Stored records:
######

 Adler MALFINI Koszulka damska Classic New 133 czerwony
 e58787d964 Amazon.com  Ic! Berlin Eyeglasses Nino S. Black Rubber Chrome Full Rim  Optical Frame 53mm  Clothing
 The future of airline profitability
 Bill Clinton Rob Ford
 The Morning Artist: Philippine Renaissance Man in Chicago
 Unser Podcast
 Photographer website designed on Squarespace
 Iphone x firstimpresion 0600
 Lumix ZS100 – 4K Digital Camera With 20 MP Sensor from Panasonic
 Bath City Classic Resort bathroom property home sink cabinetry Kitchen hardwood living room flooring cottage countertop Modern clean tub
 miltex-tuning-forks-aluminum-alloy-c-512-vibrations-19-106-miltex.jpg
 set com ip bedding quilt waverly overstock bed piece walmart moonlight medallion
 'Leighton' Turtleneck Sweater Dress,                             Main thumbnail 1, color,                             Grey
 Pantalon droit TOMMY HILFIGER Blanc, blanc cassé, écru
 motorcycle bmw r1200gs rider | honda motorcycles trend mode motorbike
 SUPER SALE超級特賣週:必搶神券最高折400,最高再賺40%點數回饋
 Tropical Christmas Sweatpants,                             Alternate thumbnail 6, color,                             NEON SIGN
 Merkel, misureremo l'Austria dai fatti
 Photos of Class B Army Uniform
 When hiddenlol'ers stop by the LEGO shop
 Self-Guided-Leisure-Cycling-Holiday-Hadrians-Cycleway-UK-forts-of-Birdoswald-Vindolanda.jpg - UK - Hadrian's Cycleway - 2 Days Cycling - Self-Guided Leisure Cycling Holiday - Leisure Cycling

######

In the answer, include exactly the lines from the line containing "set com ip bedding" through the end of the data, and nothing else.

> Problem solution:
 set com ip bedding quilt waverly overstock bed piece walmart moonlight medallion
 'Leighton' Turtleneck Sweater Dress,                             Main thumbnail 1, color,                             Grey
 Pantalon droit TOMMY HILFIGER Blanc, blanc cassé, écru
 motorcycle bmw r1200gs rider | honda motorcycles trend mode motorbike
 SUPER SALE超級特賣週:必搶神券最高折400,最高再賺40%點數回饋
 Tropical Christmas Sweatpants,                             Alternate thumbnail 6, color,                             NEON SIGN
 Merkel, misureremo l'Austria dai fatti
 Photos of Class B Army Uniform
 When hiddenlol'ers stop by the LEGO shop
 Self-Guided-Leisure-Cycling-Holiday-Hadrians-Cycleway-UK-forts-of-Birdoswald-Vindolanda.jpg - UK - Hadrian's Cycleway - 2 Days Cycling - Self-Guided Leisure Cycling Holiday - Leisure Cycling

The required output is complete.